В Монтан-Хаусе она работала под началом постоянного физиотерапевта, мисс Хьюм, женщины, под чьей обманчиво простоватой внешностью пряталось искусное владение профессией и талант добиваться максимальной отдачи от своих подчиненных.

Мысль о том, что сегодня, после недельного перерыва, она вернется туда, успокаивала. В течение, по крайней мере, нескольких часов она будет слишком занята, чтобы думать о чем-то другом. Она будет вправлять вывихи, лечить ультрафиолетом и прогреванием больных, уговаривать застенчивых принять участие в общих играх, утешать, кормить и ласкать испуганных, тех, кто испытал страдания и голод… Ливи подумала, что такие дома, как Монтан-Хаус, помогают не только живущим в них детям, но и тем, кто ухаживает за ними, предоставляя им возможность в тяжелой работе забыть о собственных неприятностях и несчастьях.

Когда Ливи появилась в окрашенной в желтый цвет кухне, Адриана резала хлеб для тостов. Она была одета в любимых ею зеленых тонах, светлые волосы аккуратно уложены.

— Сегодня ты выглядишь гораздо здоровее. — Она бросила быстрый взгляд на Ливи. — Или ты отдала дань румянам?

— Всего понемногу! — рассмеялась Ливи. — Я спала так, словно моих неприятностей нет и в помине.

— Так оно и есть. Все позади, теперь ты снова можешь продолжать жить. — Она положила ломтики в тостер. — Если ты хочешь что-нибудь основательное, готовь сама. Я опаздываю.

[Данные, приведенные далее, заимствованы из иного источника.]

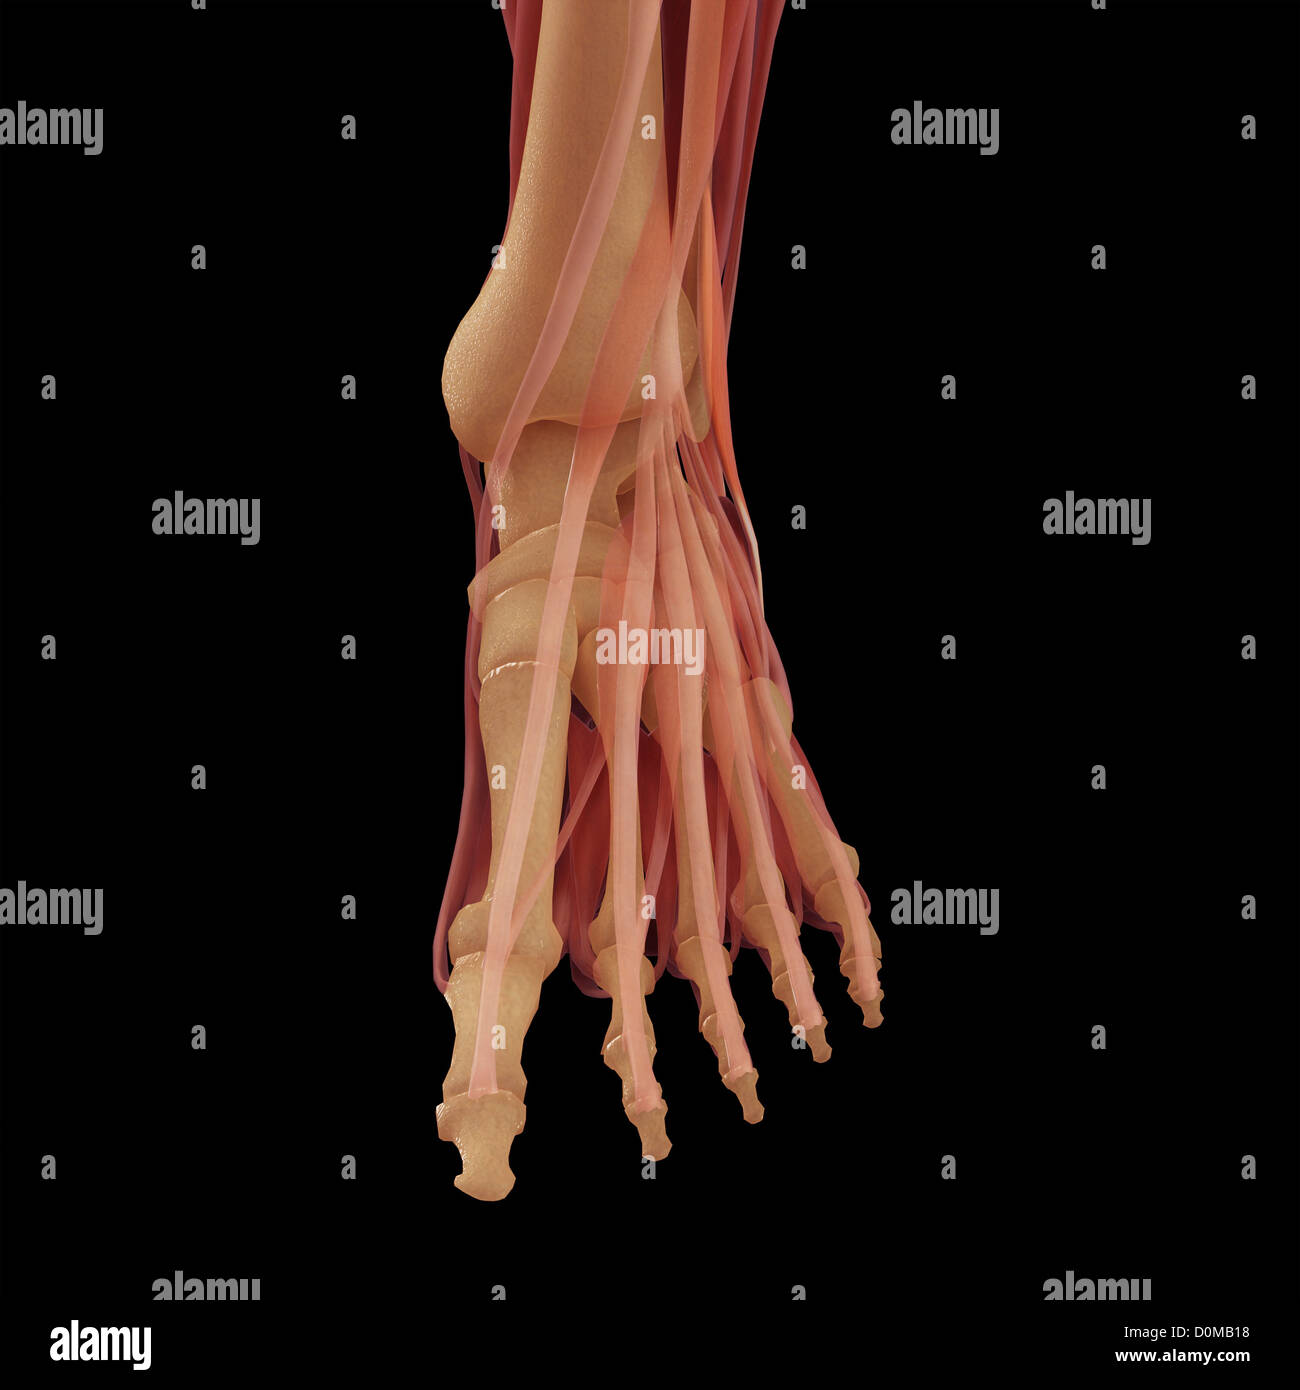 Un modello umano che mostra i muscoli del piede. Foto Stock

— Я буду только кофе. И знаешь, Адриана, я решила пойти в Монтан-Хаус.

— Вот это правильно! Сама увидишь, скоро в нашей деревне восстановятся мир и спокойствие. — Взгляд Адрианы упал на газету, лежавшую на столе. — Вчерашнее судебное заседание попало в прессу, но это не должно тебя беспокоить. Статья даже без заголовка!

Официальное сообщение, подумала Ливи, просмотрев газету, никаких комментариев. Но здесь, в этой зеленой деревушке, все будут следить за каждым ее шагом, следить за Роком, возникнут пересуды…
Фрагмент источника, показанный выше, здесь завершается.